3

Unary minus seems to have special precedence when a numeric literal is involved. Is this documented behavior?

The precedence tables I've seen (e.g. here) don't even mention the dot (method-call) operator.

Test on ruby 2.3.6:

puts "=== literal integer ==="
# `-` has higher precedence than `.`
p( -1.abs )   # => 1
p( -(1.abs) ) # => -1 (previous line should match this if `.` had higher precedence)

puts "=== literal float ==="
# again `-` has higher precedence than `.`
p( -1.2.abs )   # => 1.2
p( -(1.2.abs) ) # => -1.2 (previous line should match this if `.` had higher precedence)

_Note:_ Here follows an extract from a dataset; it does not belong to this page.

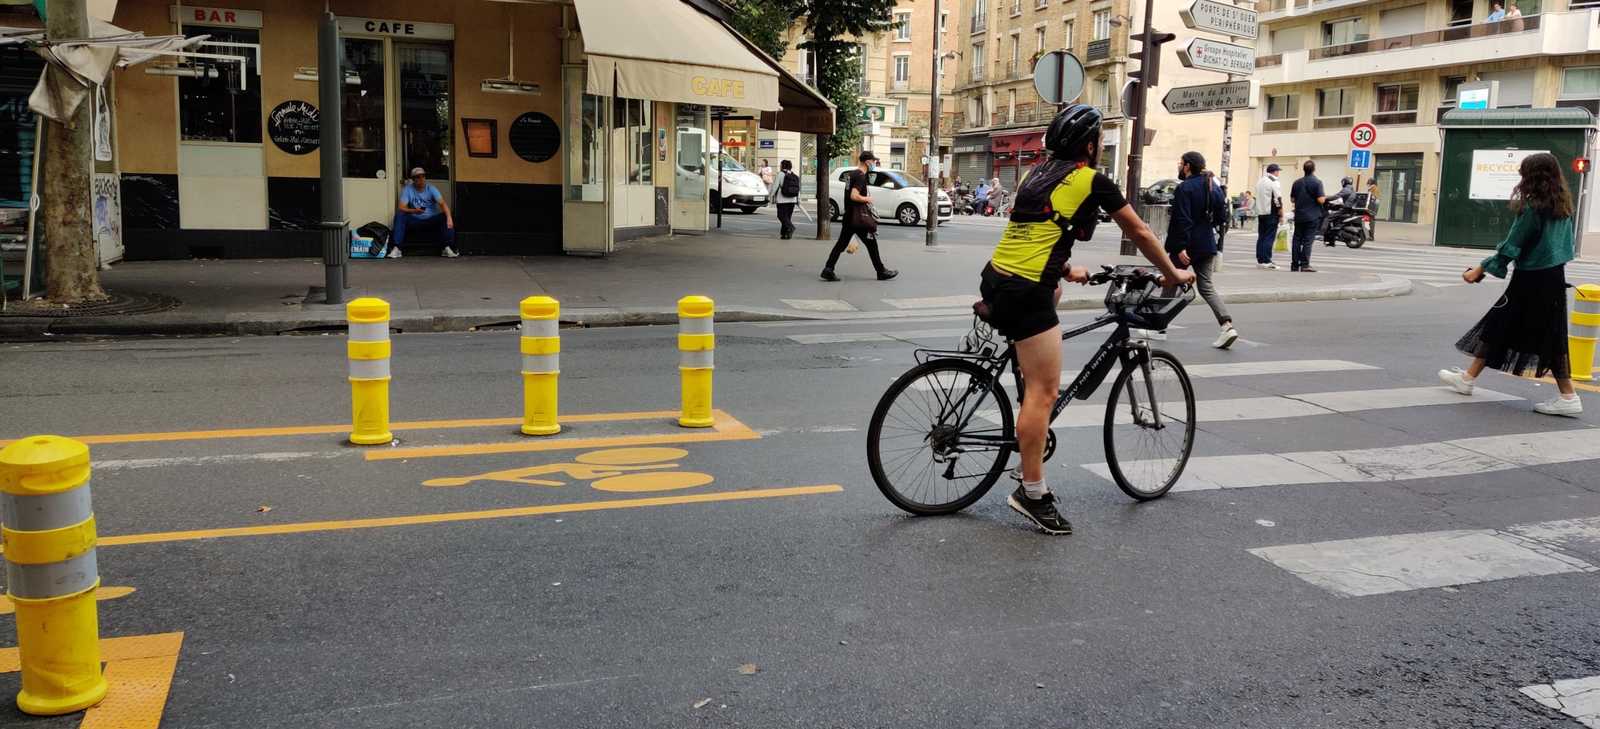 Fahrradfreundliche Städte. Paris hat während Corona mehr Fahrradspuren eingerichtet, sowie das generelle Fahrtempo auf 30 Kmh beschränkt.

puts "=== integer in a variable ==="
(1).tap do |i|
  # `.` has higher precedence
  p( -i.abs )   # -1
  p( (-i).abs ) # 1 (previous line should match this if `-` had higher precedence)
end

puts "=== float in a variable ==="
(1.2).tap do |i|
  # `.` has higher precedence
  p( -i.abs )   # -1.2
  p( (-i).abs ) # 1.2 (previous line should match this if `-` had higher precedence)
end

puts "=== literal string ==="
'a'.frozen? == false or raise "frozen_string_literal must be disabled"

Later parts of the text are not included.